Se sintió desplazada. Ella cocinaba bien, todos elogiaban sus platos. Pero no discutió. Era su día. Aun así, la serpiente de la desconfianza despertó en su pecho.

Se compró un vestido nuevo, se arregló. Antes, Alejandro la habría halagado. Esta vez, solo un elogio tibio.

El restaurante estaba lleno. Brindis, regalos, elogios del director. Luego, baile. Valentina se excusó, diciendo que estaba cansada.
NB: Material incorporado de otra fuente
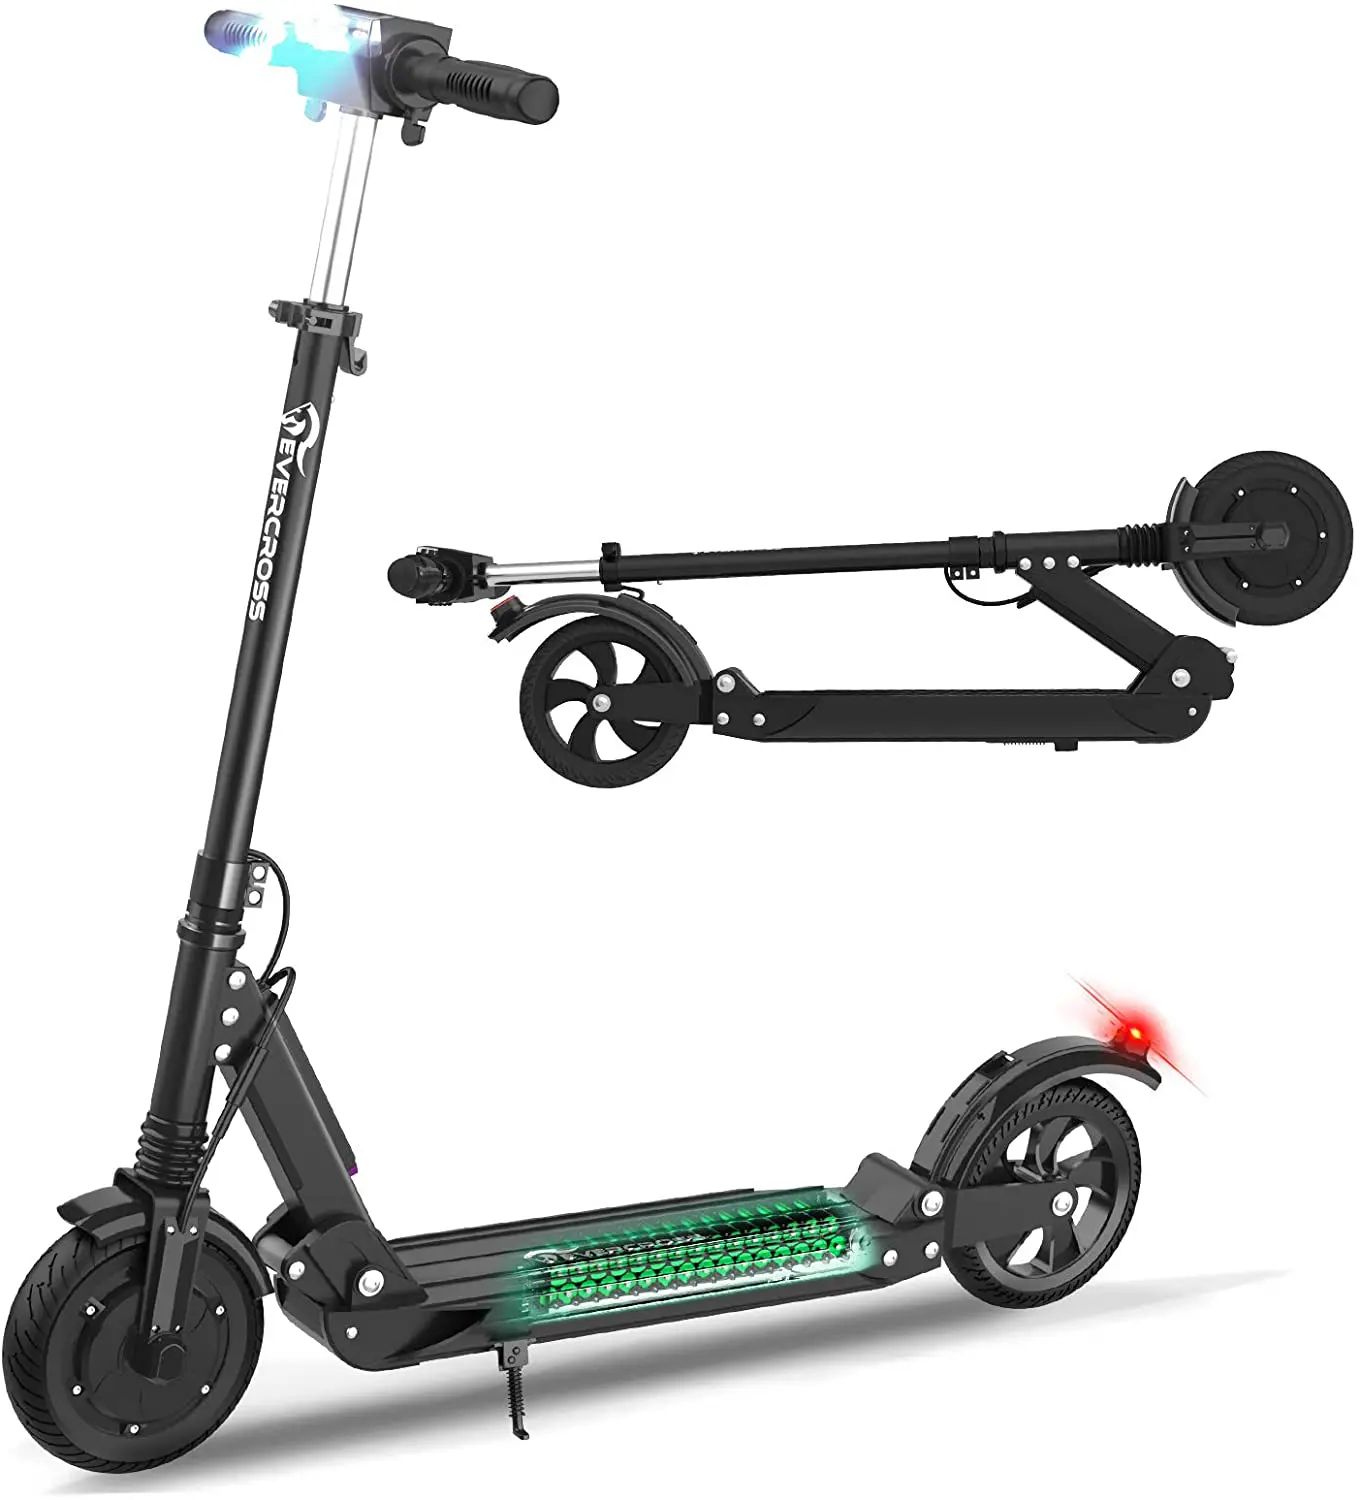 Best Electric Scooter under 400 in 2021 with Buying Guide

Alejandro bailó con una joven.

En el baño, oyó voces:

—Vaya, en plena vista de su esposa… Dijiste que era gorda y fea, pero no está mal. No se divorciará de ella. Tienen un hijo.

—Ya veremos —contestó otra voz juvenil.

Valentina no pudo salir. Cuando volvió, Alejandro susurraba al oído de la chica. Conteniendo las lágrimas, salió discretamente y tomó un taxi.

Su madre se había llevado a Adrián ese día. En casa, Valentina se cambió, se quitó el maquillaje, miró su rostro angustiado en el espejo. Su madre adoraba a Alejandro; nunca entendería.

Él llegó dos horas después, furioso.

—¿Dónde te has met—¿Dónde te has metido? ¡Me dejaste en ridículo delante de todos! —gritó Alejandro, mientras Valentina, con la mirada fija en sus manos temblorosas, sintió que por fin veía claro el final de una historia que nunca debió comenzar.